───── Material shown
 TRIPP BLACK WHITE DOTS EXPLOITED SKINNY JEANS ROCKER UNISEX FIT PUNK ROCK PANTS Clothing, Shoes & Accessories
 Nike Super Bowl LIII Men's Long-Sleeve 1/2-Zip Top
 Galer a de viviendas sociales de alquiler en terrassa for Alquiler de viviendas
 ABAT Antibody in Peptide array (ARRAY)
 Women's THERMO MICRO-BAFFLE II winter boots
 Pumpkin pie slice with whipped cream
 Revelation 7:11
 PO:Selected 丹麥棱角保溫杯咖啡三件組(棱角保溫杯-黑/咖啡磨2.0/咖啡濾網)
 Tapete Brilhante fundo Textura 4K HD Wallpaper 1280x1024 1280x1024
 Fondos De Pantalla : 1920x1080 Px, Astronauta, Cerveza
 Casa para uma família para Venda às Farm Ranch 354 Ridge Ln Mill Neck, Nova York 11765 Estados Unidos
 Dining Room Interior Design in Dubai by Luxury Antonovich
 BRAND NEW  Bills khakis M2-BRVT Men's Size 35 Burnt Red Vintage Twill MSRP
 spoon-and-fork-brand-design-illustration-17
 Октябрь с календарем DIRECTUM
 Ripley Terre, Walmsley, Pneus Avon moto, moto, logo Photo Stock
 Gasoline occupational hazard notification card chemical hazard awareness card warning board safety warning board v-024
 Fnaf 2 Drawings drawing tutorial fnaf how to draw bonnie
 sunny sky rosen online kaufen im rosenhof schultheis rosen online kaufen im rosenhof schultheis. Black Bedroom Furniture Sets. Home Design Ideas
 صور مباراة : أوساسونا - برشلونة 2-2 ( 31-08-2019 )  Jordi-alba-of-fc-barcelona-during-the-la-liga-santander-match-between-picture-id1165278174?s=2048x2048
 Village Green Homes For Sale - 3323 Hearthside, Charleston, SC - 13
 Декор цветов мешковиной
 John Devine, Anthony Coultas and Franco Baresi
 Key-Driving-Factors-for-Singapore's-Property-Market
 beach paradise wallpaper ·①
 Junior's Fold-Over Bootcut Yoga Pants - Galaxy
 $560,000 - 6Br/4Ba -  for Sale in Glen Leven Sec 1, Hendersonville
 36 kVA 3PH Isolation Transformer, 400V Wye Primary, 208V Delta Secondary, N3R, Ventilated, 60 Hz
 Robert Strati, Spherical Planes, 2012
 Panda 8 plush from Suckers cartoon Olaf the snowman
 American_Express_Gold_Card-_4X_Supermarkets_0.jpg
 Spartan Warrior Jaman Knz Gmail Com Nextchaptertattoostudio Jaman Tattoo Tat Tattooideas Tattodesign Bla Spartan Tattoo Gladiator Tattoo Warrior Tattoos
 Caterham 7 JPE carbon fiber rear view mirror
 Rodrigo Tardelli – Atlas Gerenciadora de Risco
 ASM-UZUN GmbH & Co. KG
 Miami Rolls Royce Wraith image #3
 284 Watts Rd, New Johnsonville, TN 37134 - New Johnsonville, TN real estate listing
──────────
* Required action: In the material above, find the line containing "John Devine, Anthony" and the line containing "Sec 1, Hendersonville", then write out exactly those two lines and every line between them, and nothing more.

* Expected output:
 John Devine, Anthony Coultas and Franco Baresi
 Key-Driving-Factors-for-Singapore's-Property-Market
 beach paradise wallpaper ·①
 Junior's Fold-Over Bootcut Yoga Pants - Galaxy
 $560,000 - 6Br/4Ba -  for Sale in Glen Leven Sec 1, Hendersonville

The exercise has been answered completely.